Image source: The MSCI Transition Finance Tracker 2025

The distinction matters. While higher-income economies focus on decarbonising mature energy systems, many African countries face a dual challenge: reducing emissions while expanding access to basic services and infrastructure. Clean cooking, distributed power, climate-resilient agriculture and adaptation-focused investments are central to this transition, yet remain difficult to capture through equity indices and corporate bond analytics.

At the same time, Africa’s relevance to global climate outcomes is growing. The continent is emerging as a key supplier of carbon credits, a destination for renewable energy investment and a testing ground for finance models that link climate mitigation with development impact.

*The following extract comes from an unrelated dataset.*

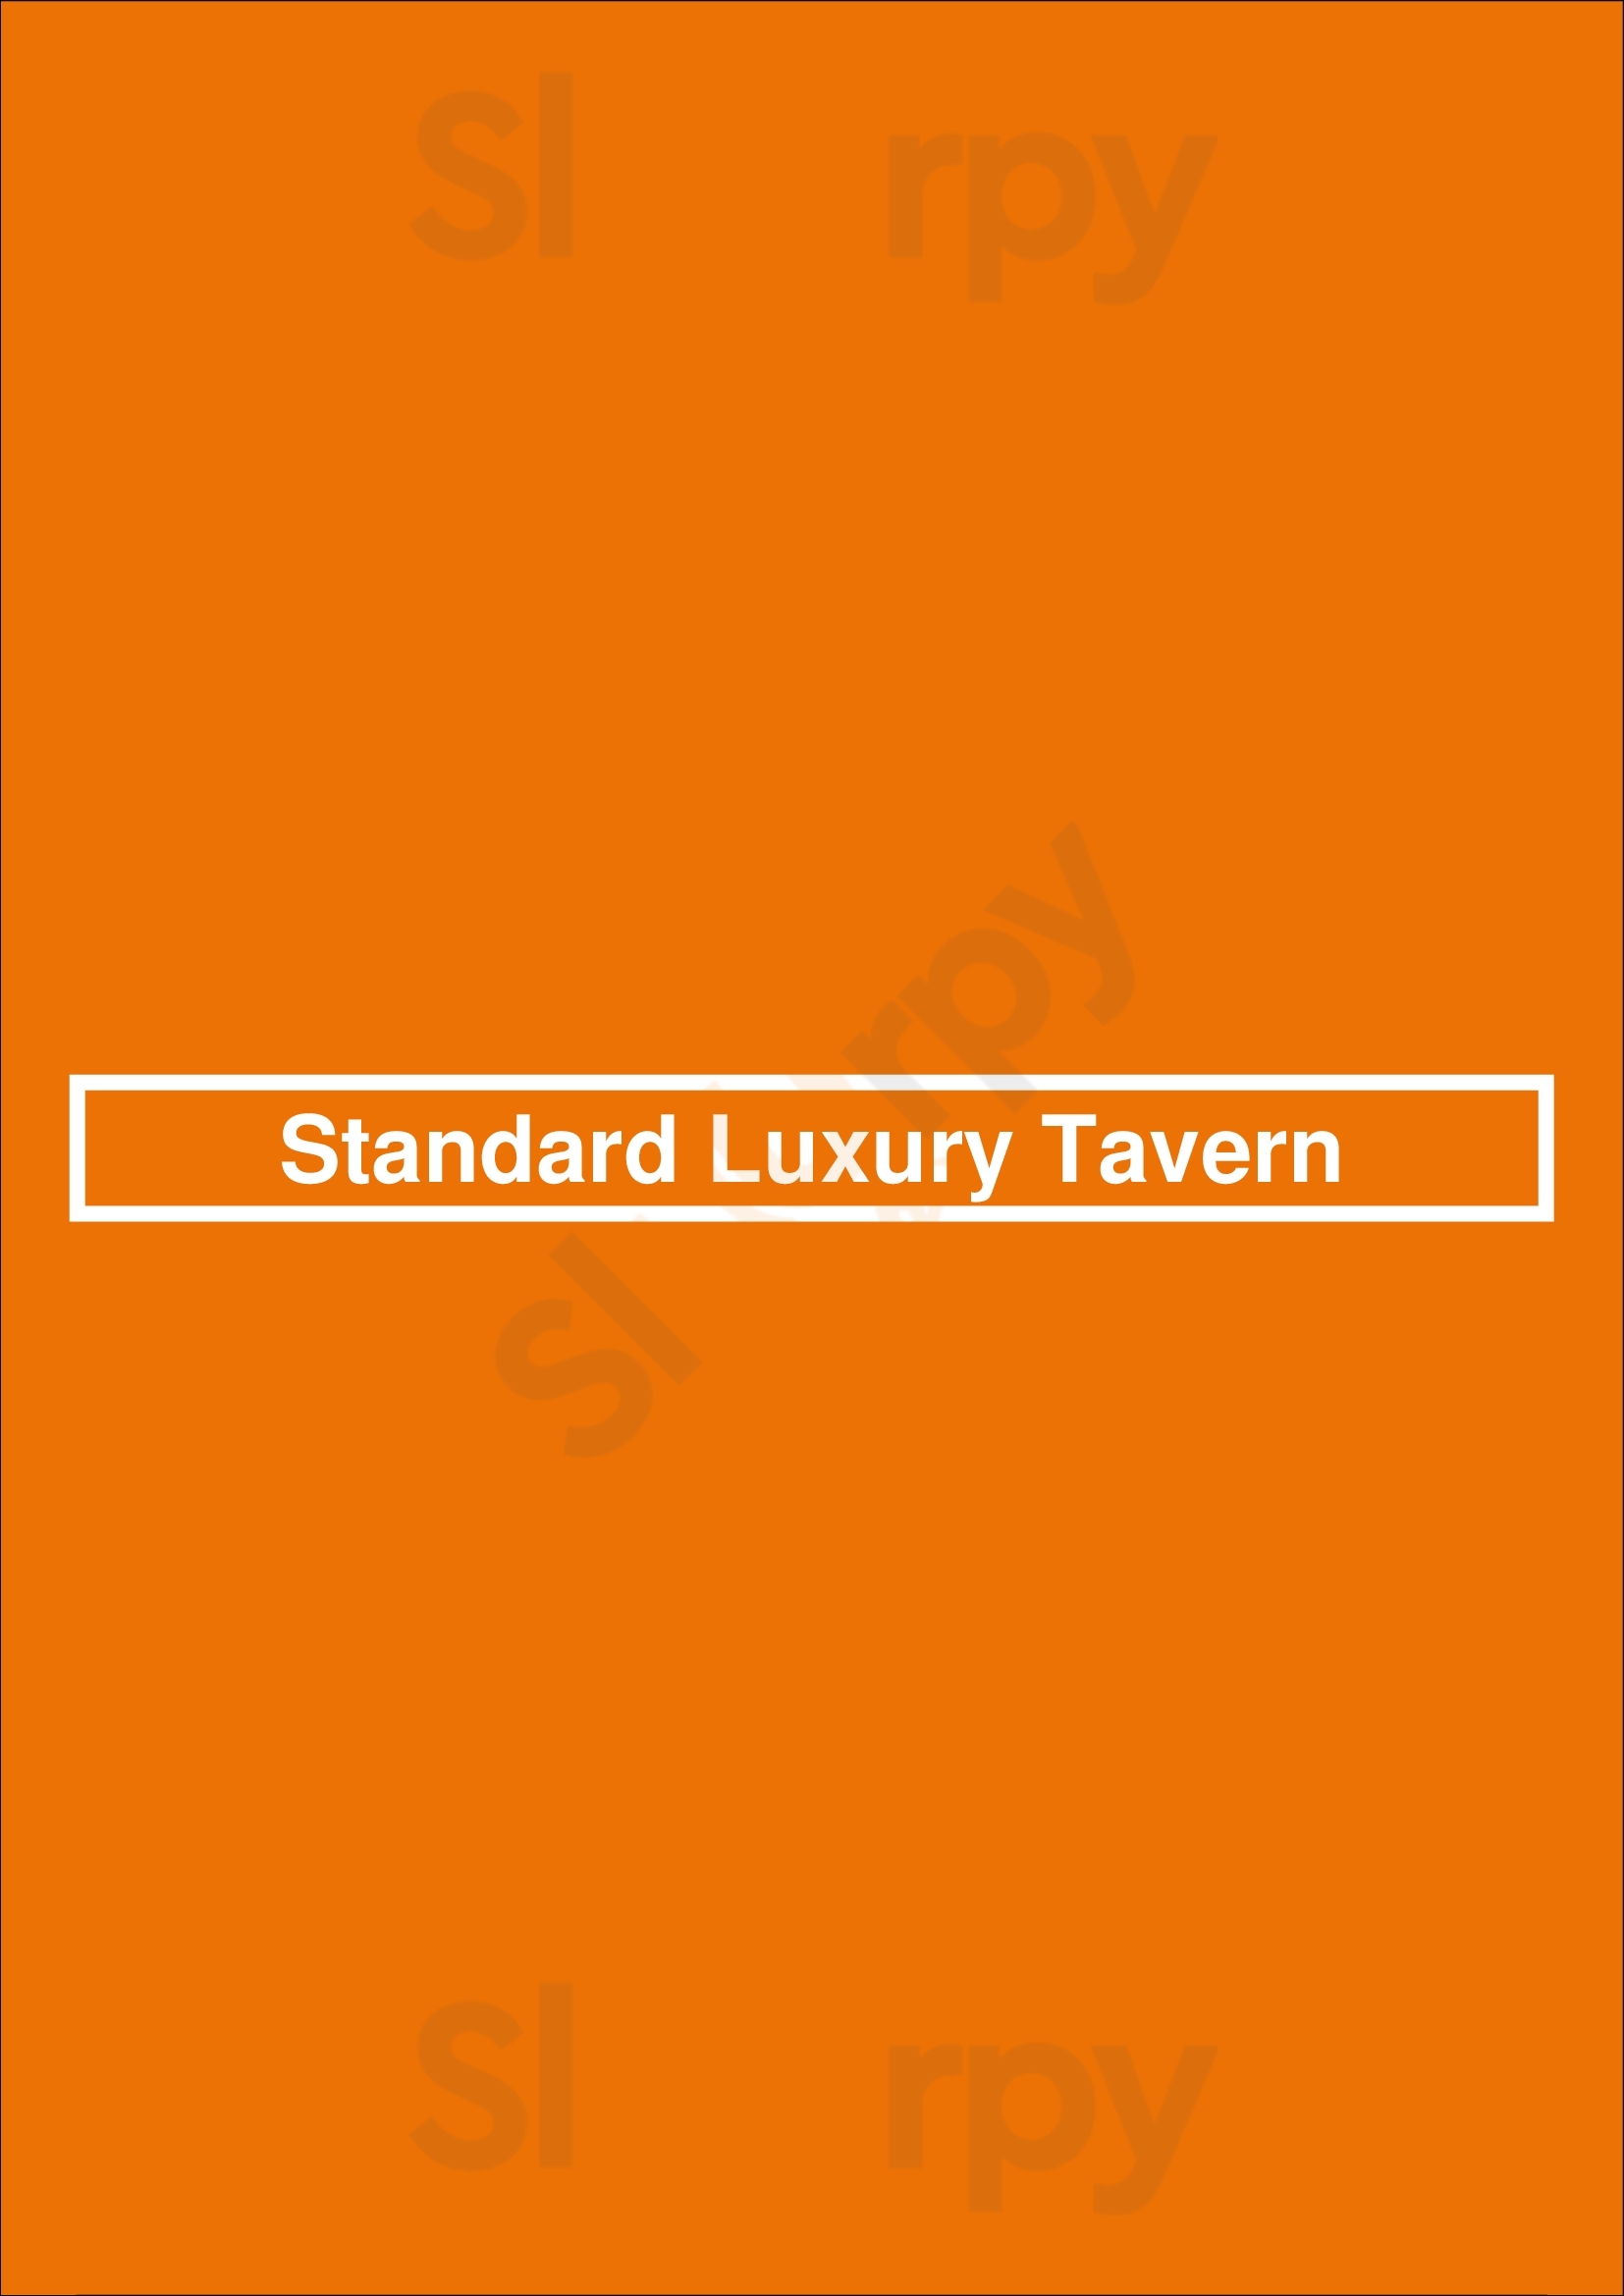 Standard Luxury Tavern Ottawa Menu - 1

Recent activity in clean cooking, aviation offsets and renewable infrastructure illustrates how global capital is beginning to intersect with household-level outcomes.

The absence of Africa from mainstream transition finance metrics therefore highlights a broader analytical gap. As investors place greater emphasis on climate alignment and real-world impact, expanding measurement frameworks to reflect regions where the transition is shaped by development realities may be essential. For now, the data show progress in global transition finance, and reveal where the picture remains incomplete.